Jesus in our time – 16
Book of Remarks Chapter 1, verses 9 through 13
And it came to pass in those days, Jesus came from Nazareth of Galilee, and was baptized by John at the Boise; and immediately coming up from the water, he saw the heavens dividing, and the Spirit as a dove coming down upon him; and a voice came out of the heavens, “Why are you here, in a hazily-remembered Boise Summer of 2006, sloppily pasted onto the 2024 US presidential election? Aren’t you needed elsewhere?”
And Jesus, his rubber water sandals and polyester octopus-print swim trunks submerged in a slow-flowing bend of the Boise River, arched his bare chest, arms stretched out open on either side, up to heaven, “You know what you’ve made of me! With all that publicity. I’m everywhere now, always working working working!” And then, straightening, his lithe musculature glinting in the summer sun, “Here you happen to find me in the writing oF Bartleby Willard, who only writes what he feels qualified to write.”
“Ah, yes, Bartleby Willard. A daydream of a daydream writing daydreams! Seems harmless enough. Their trouble begin when they start thinking themselves real, which they can’t help but confuse with Real.”
And immediately doth the Spirit put him forth to the wilderness, and he was there in the wilderness forty days, being tempted by the Adversary, and he was with the beasts, and the messengers were ministering to him.
And the Adversary, who didn’t want to win so much as to be hugged and told he was special and prized above the common crowd, tempted Jesus, saying, “If you’re God’s emissary on earth, then dissolve all governments and replace them with your wise council. Why let the little fools keep mucking things up with their silly prides and greeds?”
But Jesus, breathing the fresh air high up in the pines while a wide river gushed by, gurgling, tussling, tossing, slapping, and chug-a-lugging in his ears, mused — gently, longingly, his eyes wandering the silver white-flashing back of a moving river — :
Who hath meted out the Spirit of Jehovah. Who’s His counsellor, teaching Him!?
With whom consulted He? Whom learned He from? Who teacheth Him in the path of judgment? Who teacheth Him knowledge? Who the way of understanding causeth Him to know?
Lo, nations He reckons as a drop from a bucket, and as small dust on the balance; Lo, He taketh up isles as a little, tender thing.
And the forests of the Americas suffice not in wood nor in beasts, a burnt-offering to make before the Lord.
All the nations [are] as nothing before Him, Less than nothing and emptiness, They have been reckoned to Him.
[Isiaih 40:13-17, starting with Young’s Literal Translation, but then fiddled around with]
And it came to pass, that the Adversary, grew tired of tempting Jesus, for his temptations tempted Jesus not at all, but he stood tall in the crisp pine- and river-scented, smiling calmly into the broad morning light, and his rebuttals were more like poems or little jokes than fights.
“This avails none. Let me wander off from here, a lifeless, soulless, empty husk, with no God anchoring my belly, no woman answering the call of my loins, no friend to hear the tumult of my shallow — lacking as it does the deep ocean of the eternal Light — mind and unmoored heart.”

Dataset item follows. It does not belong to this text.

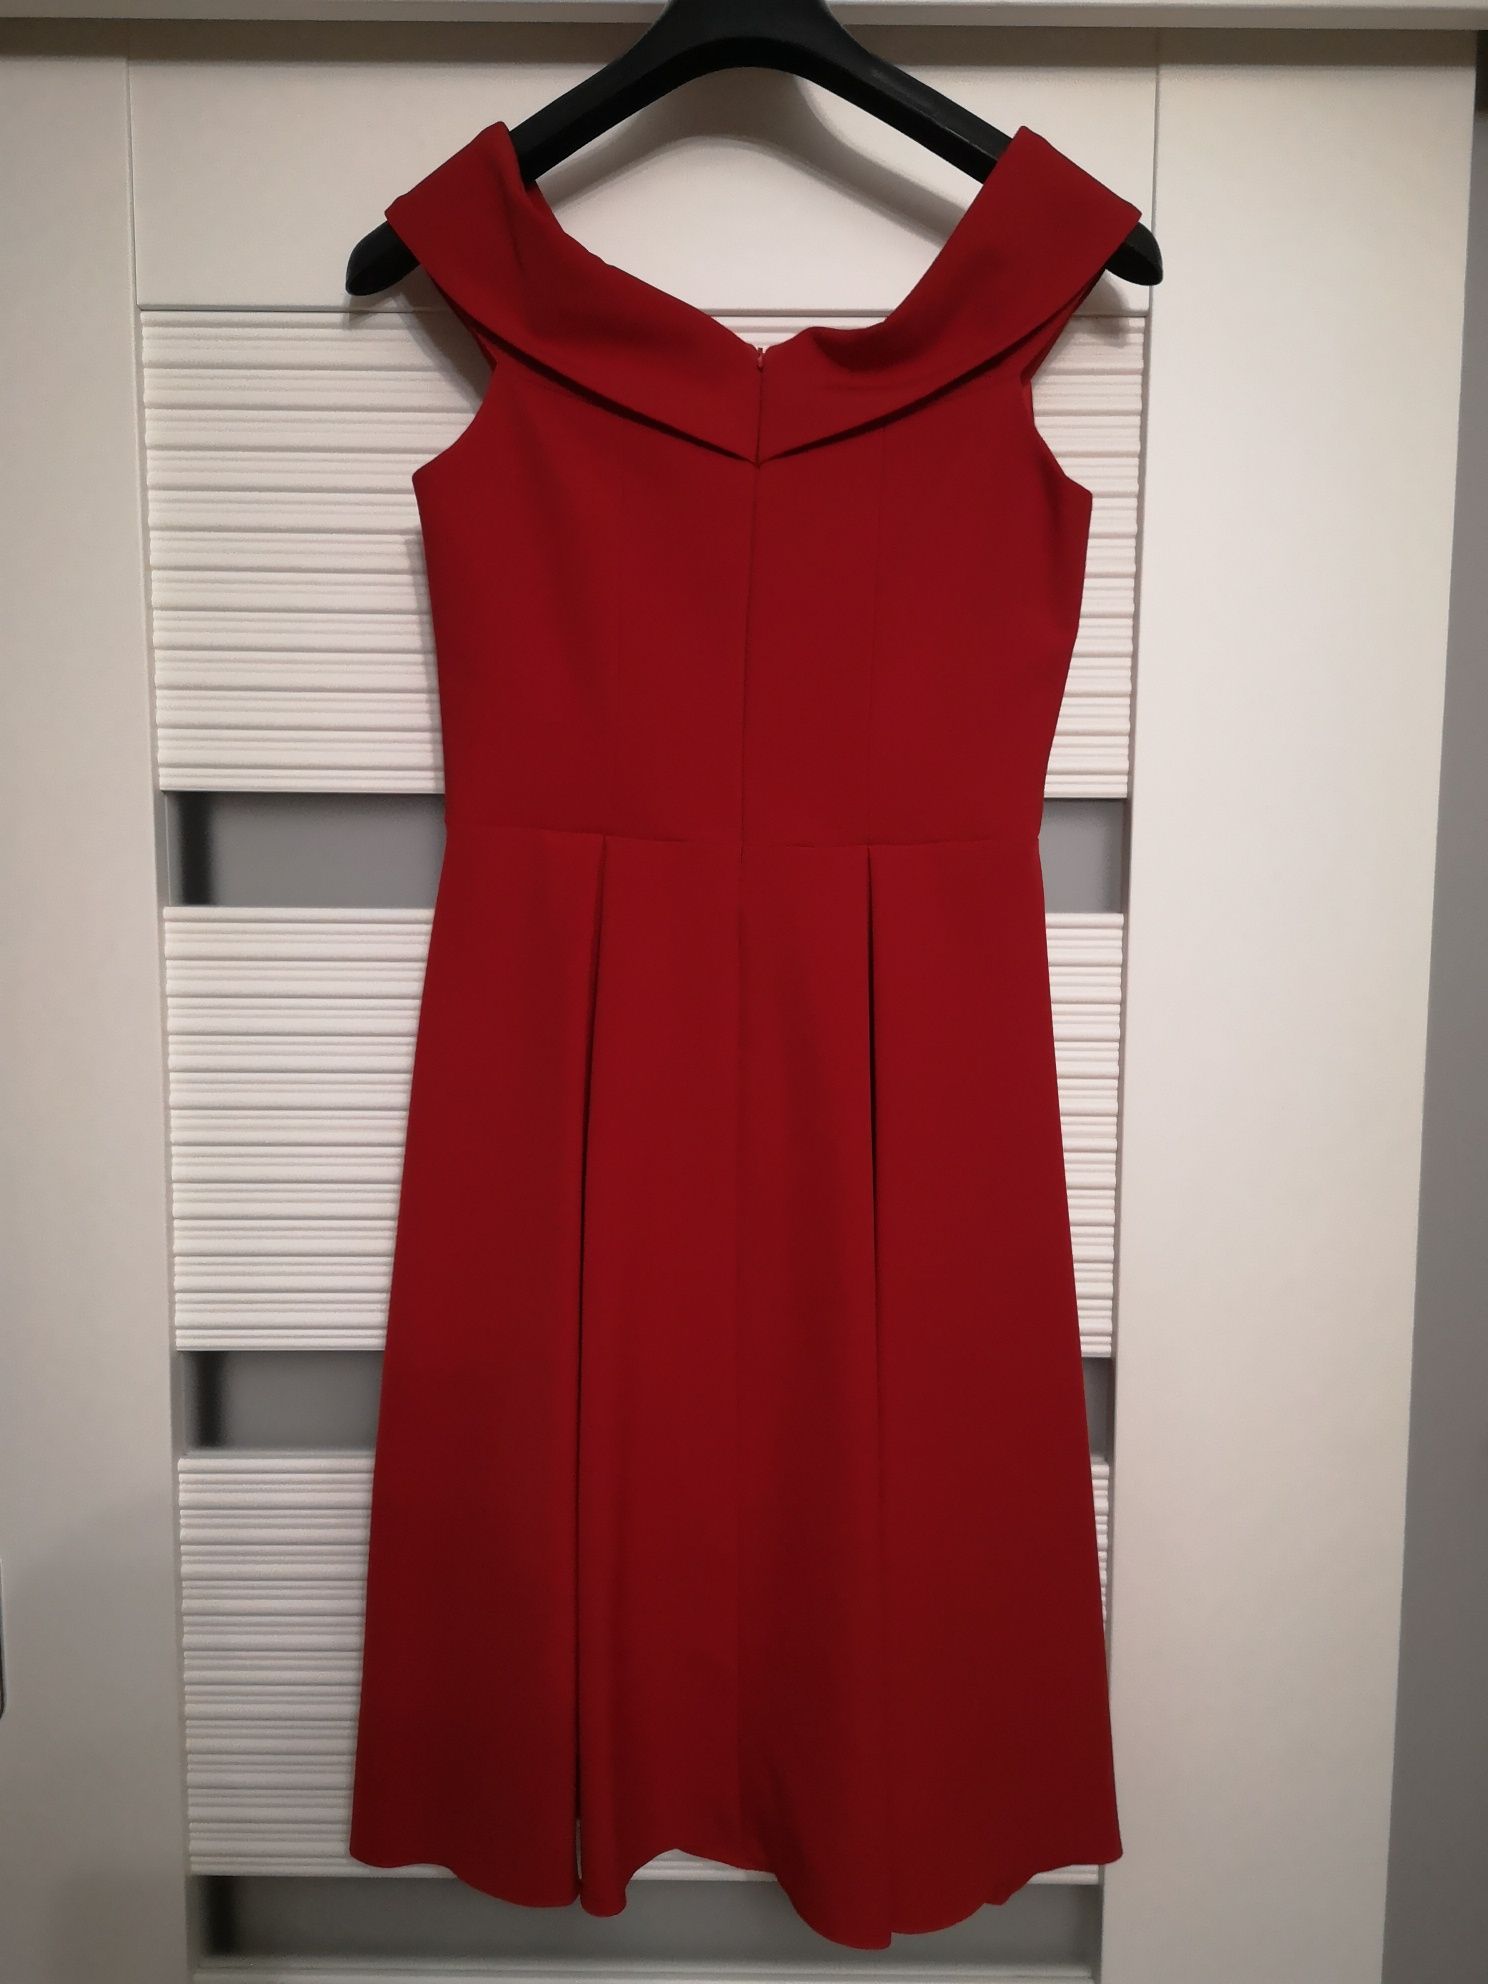 Czerwona sukienka na sylwestra, bal lub wesele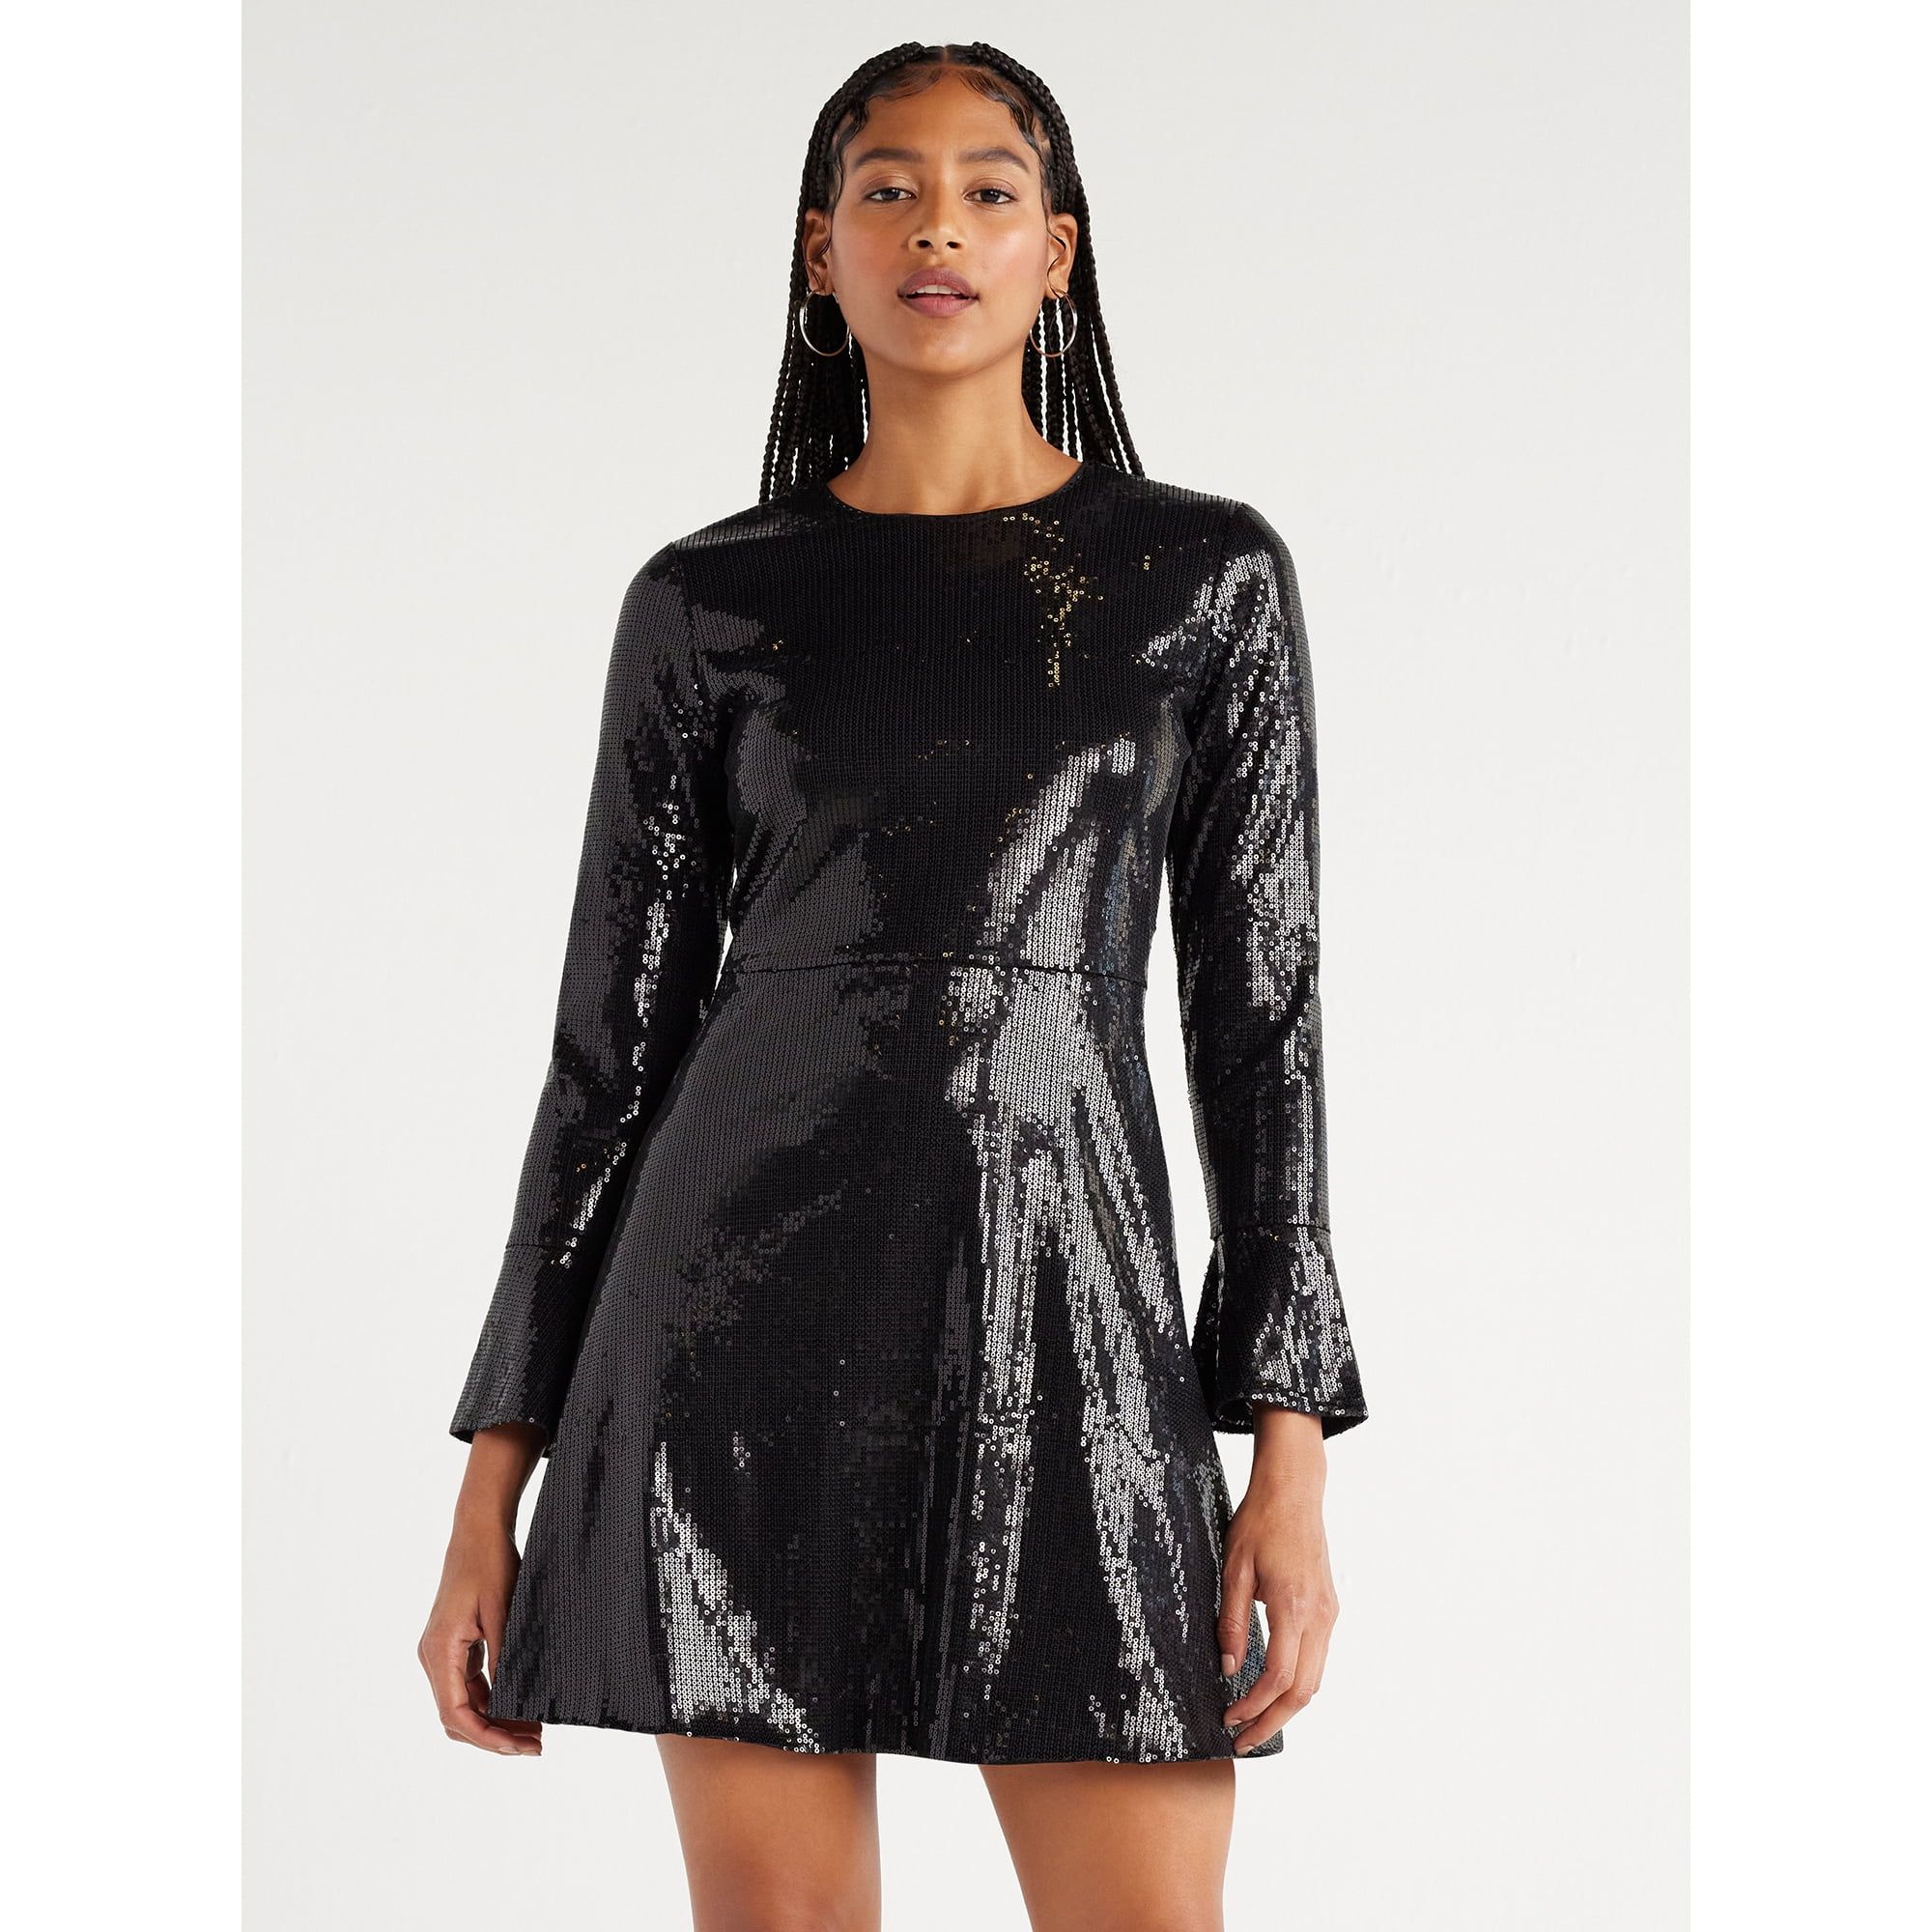 Scoop Women’s Sequin Dress with Slit Sleeves, Sizes XS-XXL | Walmart (US)

But Jesus heard the Adversary’s very thoughts. They appeared over Jesus’s watching mind like lightning sparking, thunder booming, and black clouds bursting wind and water. And Jesus’s heart went out to the Adversary, and he turned and spoke these words:
“Not human, not creature, not worm or roach, nor even protozoa, nor even a virus, no, not a dead stone lacks the deep ocean of God’s eternal Light. How could you, rebellious though you’ve been and must remain for the time and space of this single little universe, be nothing but broken sticks and stretched cloths? Here, let us rent kayaks, that you might try to drown me while we together fight the rapids, enjoying in moments between your clumsy attacks and my deft parries, the fellowship of the journey through the sunlit spray and rapids-slapped stones.”
And they made a day of it high in the mountains a little beyond Boise town, not far at all if you have a car.